_What needs to be done_
Copy out the data in full and exactly, passing over the pictures.

_Material provided_
★ ★ ★ ★ ★
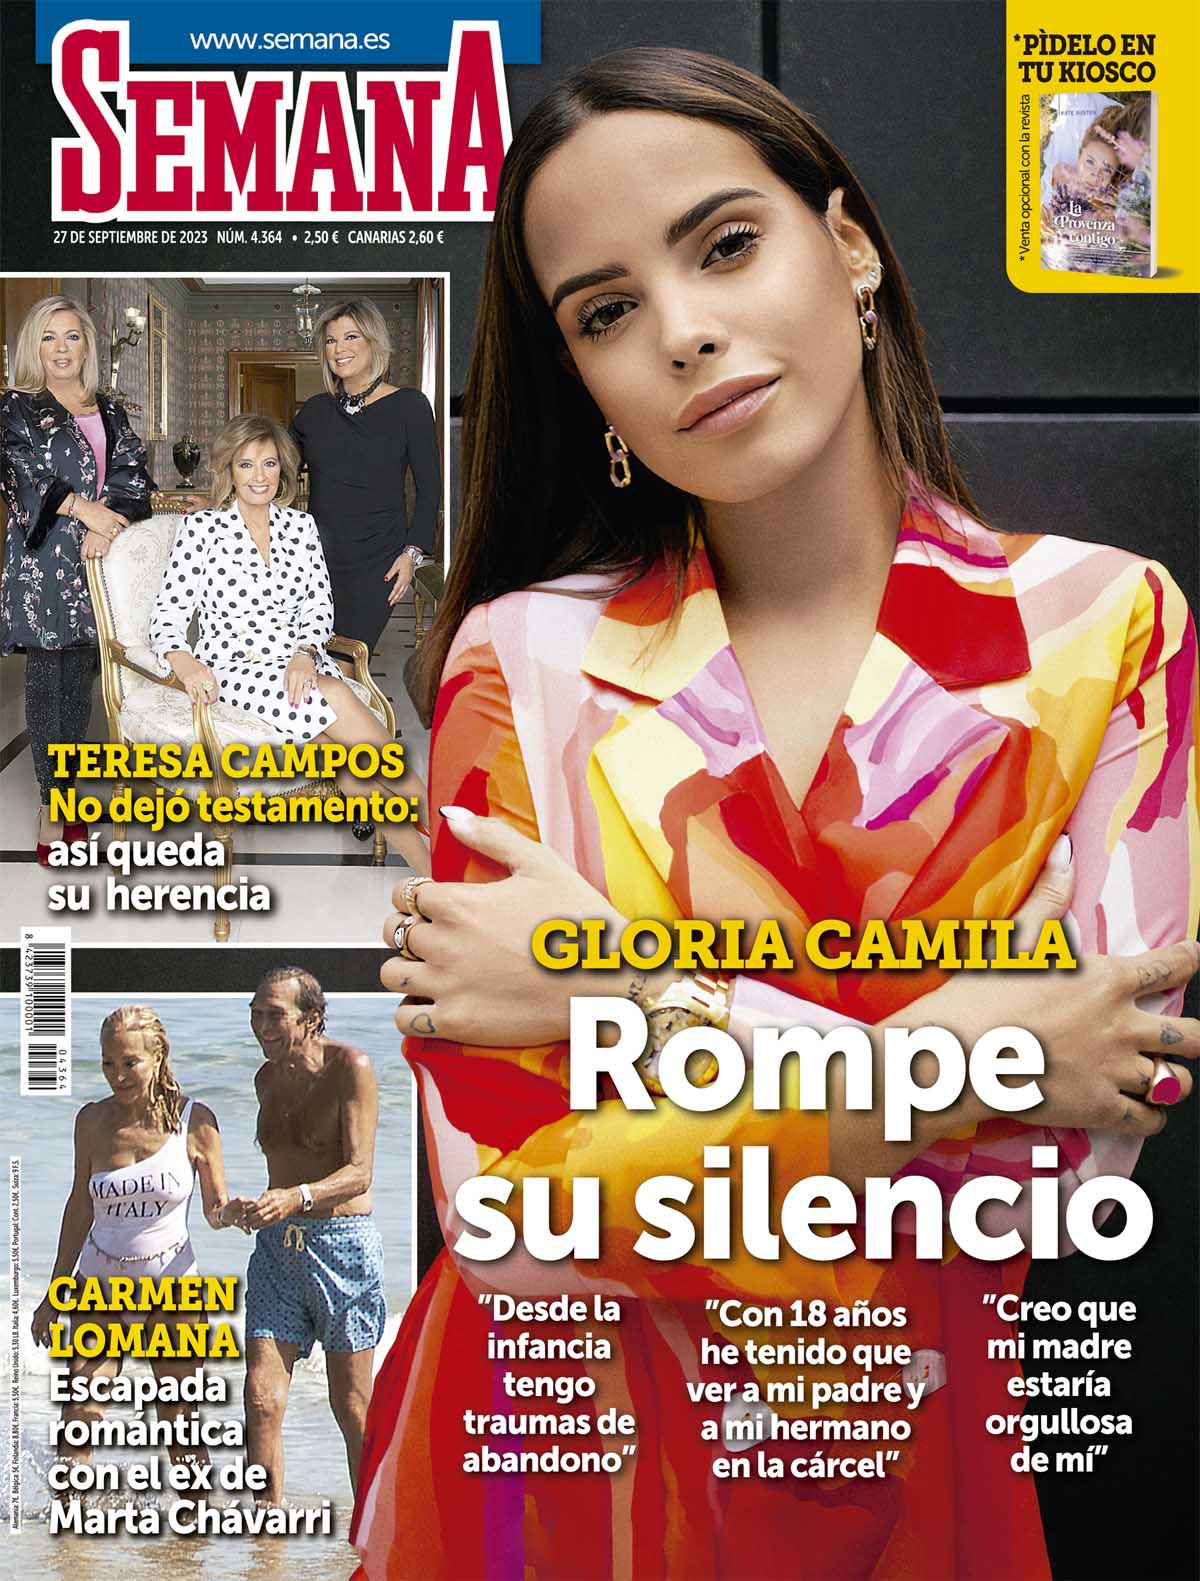 Gloria Camila en la revista SEMANA
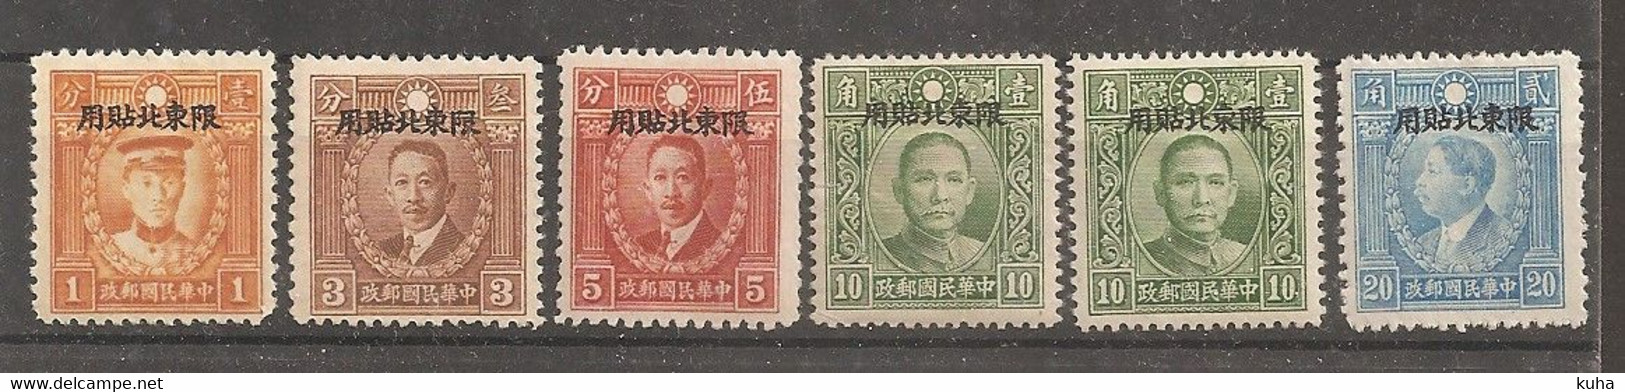 China Chine 1946 North China MNH & MH - Northern China 1949-50
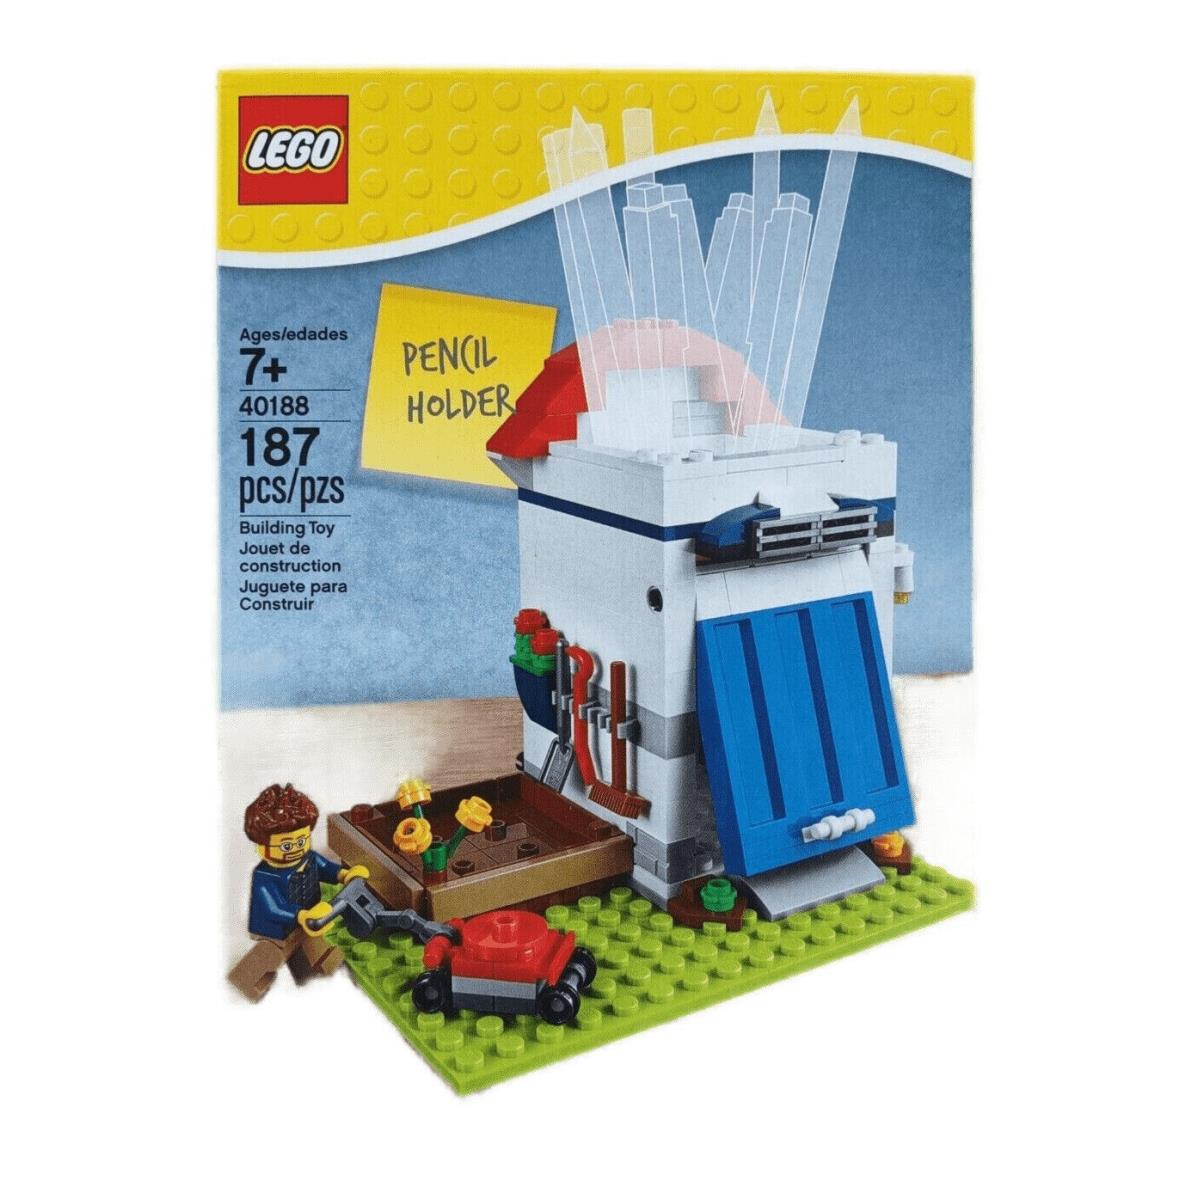 Lego 40188 Pencil Holder Garden Shed Retired
★ ★ ★ ★ ★
_Expected answer_
 Gloria Camila en la revista SEMANA
 China Chine 1946 North China MNH & MH - Northern China 1949-50
 Lego 40188 Pencil Holder Garden Shed Retired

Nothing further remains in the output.